Es aquí, precisamente, donde se concentra la mayor carga de reducción.

Esta
reestructuración de los intereses abarcaría una quita del 62% (porcentualmente
muy similar a la ejecutada en enero del 2005 luego del default de Duhalde) y se traduce en unos US$ 37.900
millones que no se pagarán.

Sobre el
stock adeudado, la quita propuesta es del 5,4%, lo que significan unos US$ 3.600
millones.

En lo que
a organismos internacionales respecta, todavía no se ha llegado a ningún
acuerdo, pero Martín Guzmán manifestó las intenciones del gobierno de suspender, asimismo, los pagos con el FMI hasta el 2023, exactamente aquello que la directora Georgieva quería evitar.

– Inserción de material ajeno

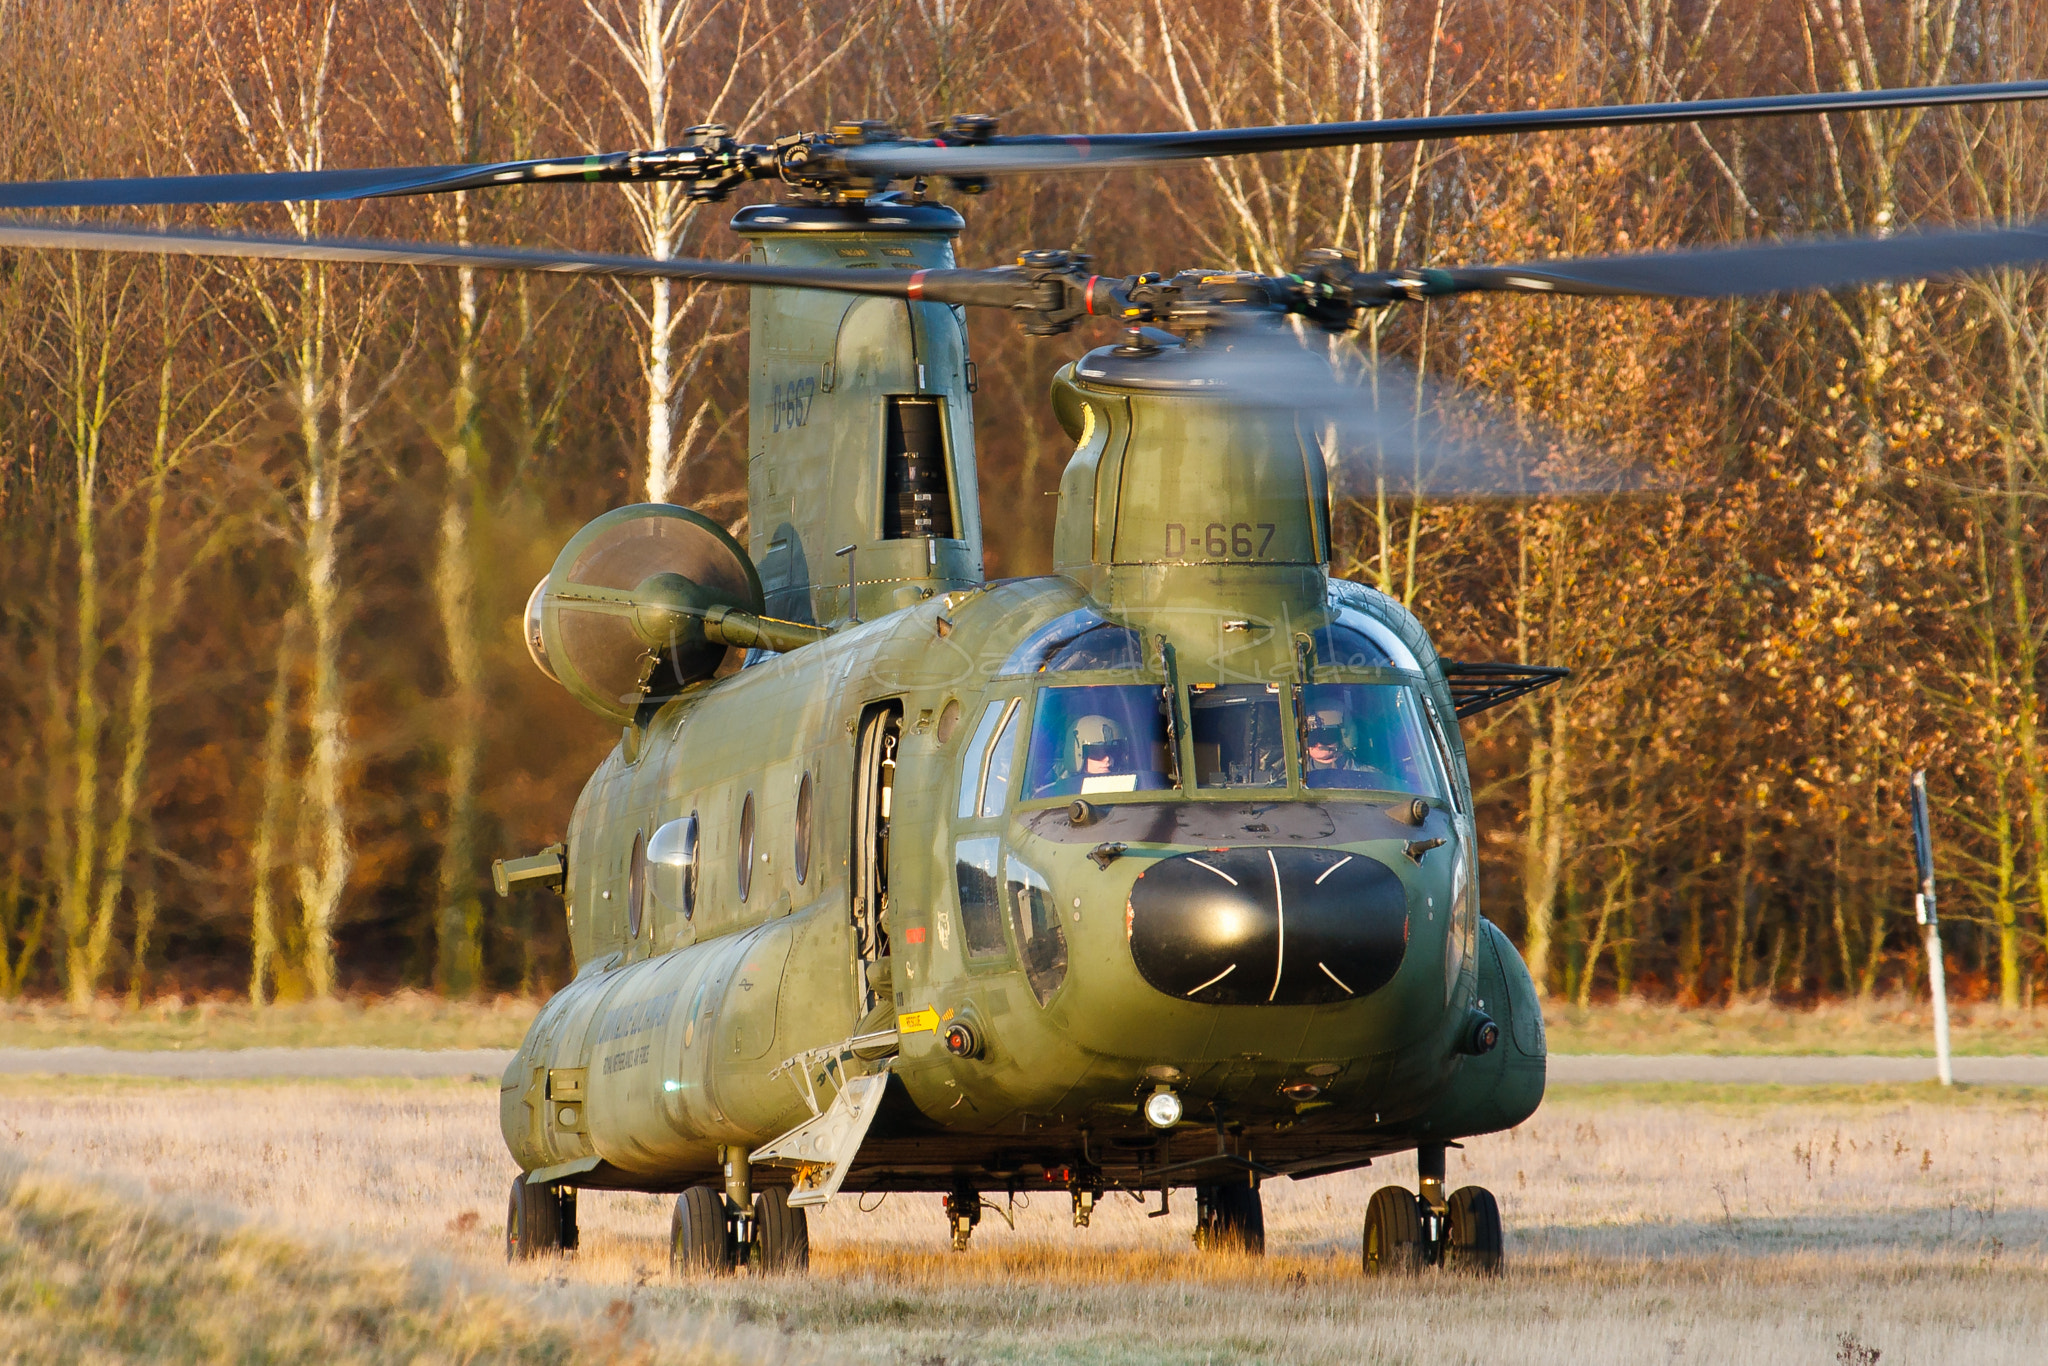 Canon EOS 40D sample photo. Royal netherlands air force ch-47d chinook d-667 photography
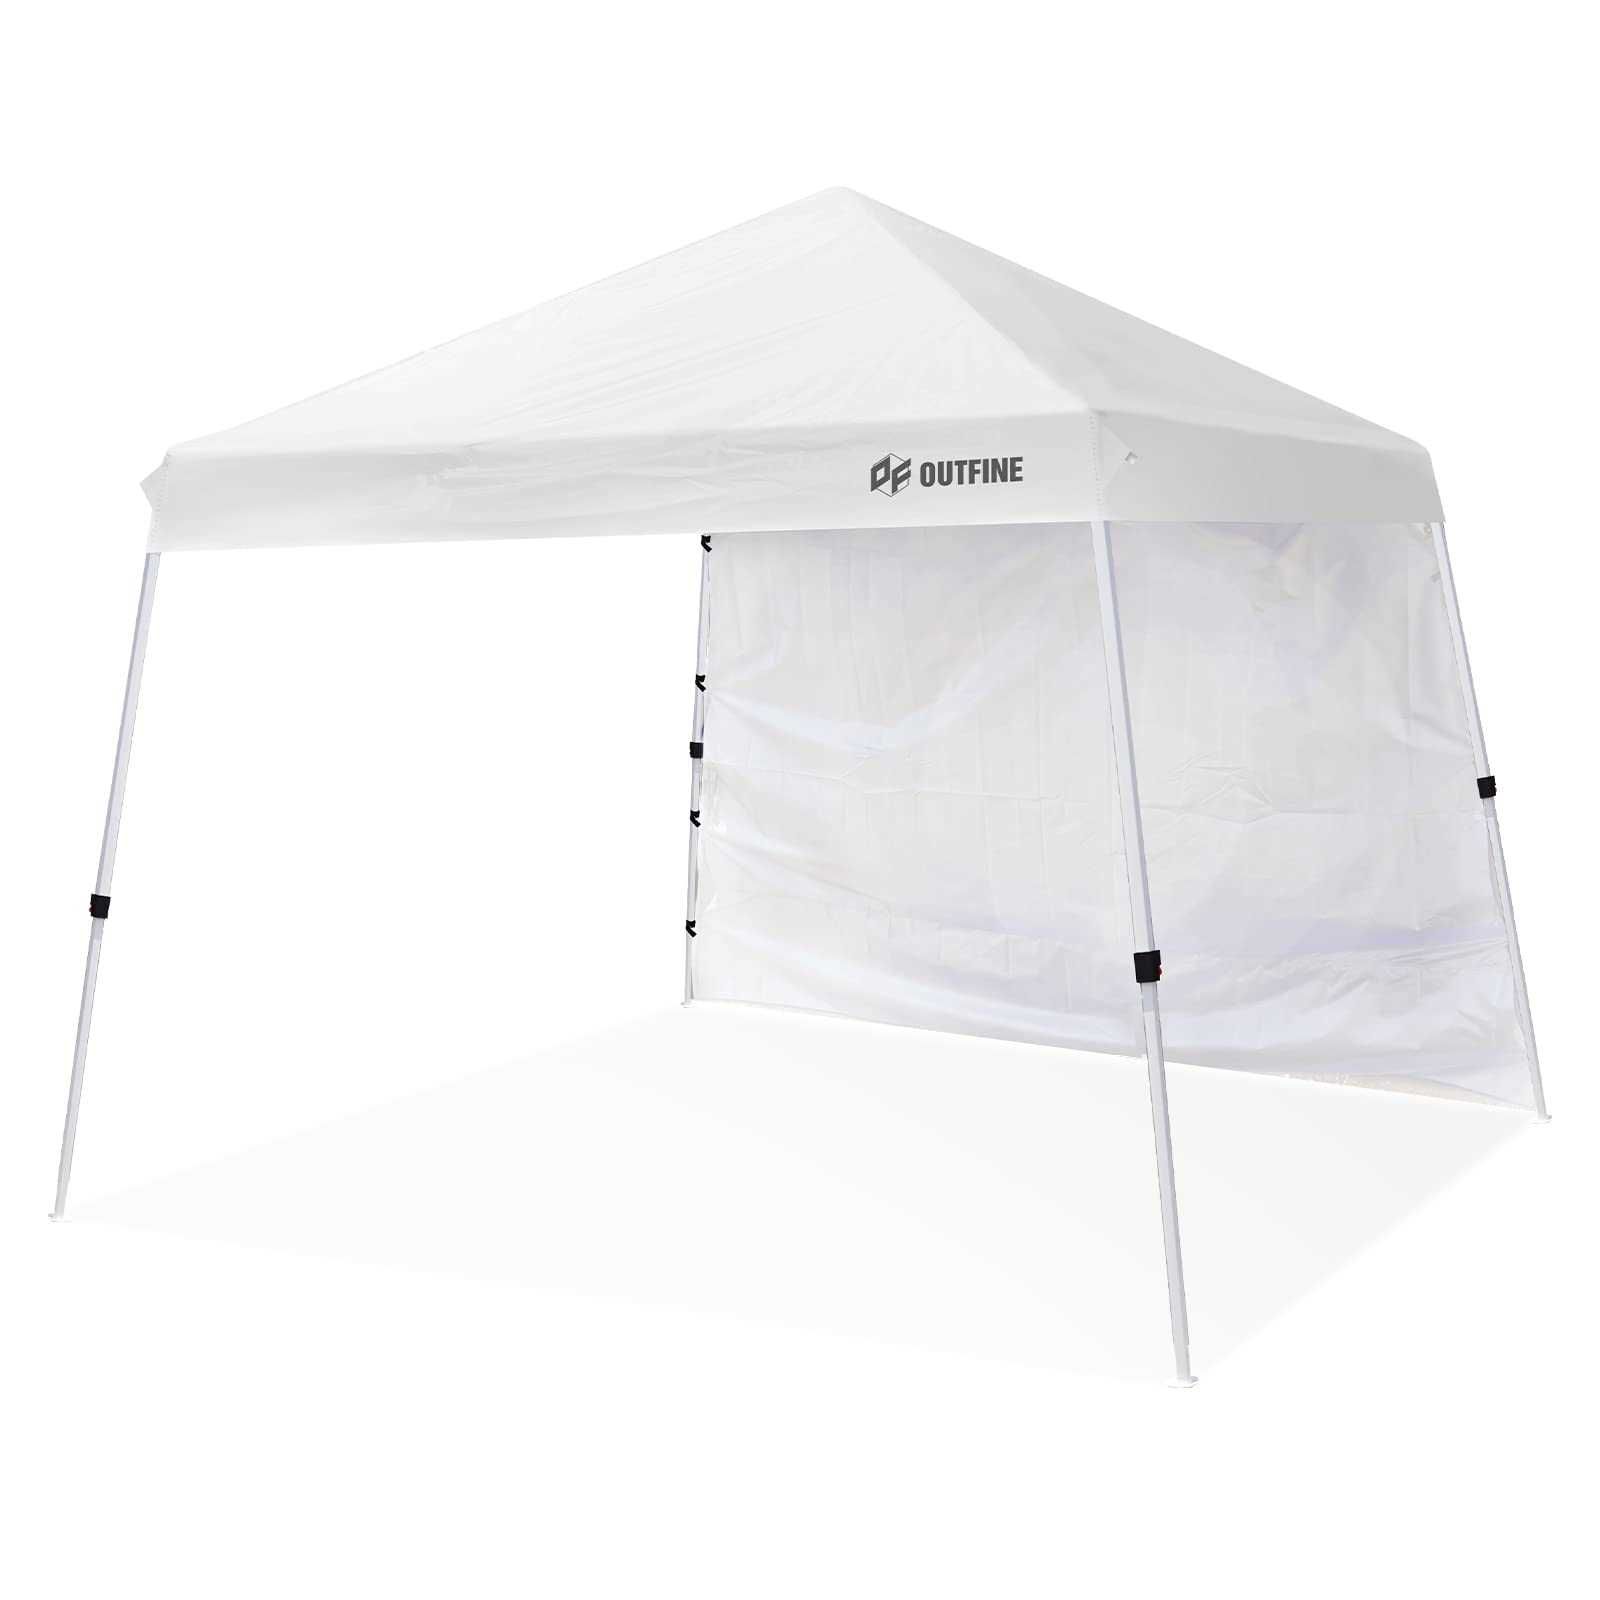 OUTFINE Canopy 10'X10' Slant Leg Pop Up Canopy, Outdoor Patio Portable Tent with Sidewall x1, Stakes x8, Ropes x4, 10x10 Base 8x8 Top

Mañana se hará publico el documento completo con todos los detalles y será formalizado a través de un Decreto de Necesidad y Urgencia, y será enviado a la SEC estadounidense para que evalúen su legalidad.

Sobre una respuesta de los acreedores en 20 días, ya que los mismos pueden negarse e ir a juicio (como ocurrió con los fondos “buitre” de la década pasada) Guzmán explicó:

“Es un período suficiente para que nuestros acreedores tomen decisiones. En este período va a haber gente jugando muy fuerte. Hay muchos intereses en juego. Las voces de nuestros acreedores, que buscan que la Argentina pague más, van a estar resonando. Va a ser importante que como sociedad tomemos el compromiso de estar unidos sobre esta oferta. Esta oferta es algo refundacional para la Argentina, para que tengamos un desarrollo sano”.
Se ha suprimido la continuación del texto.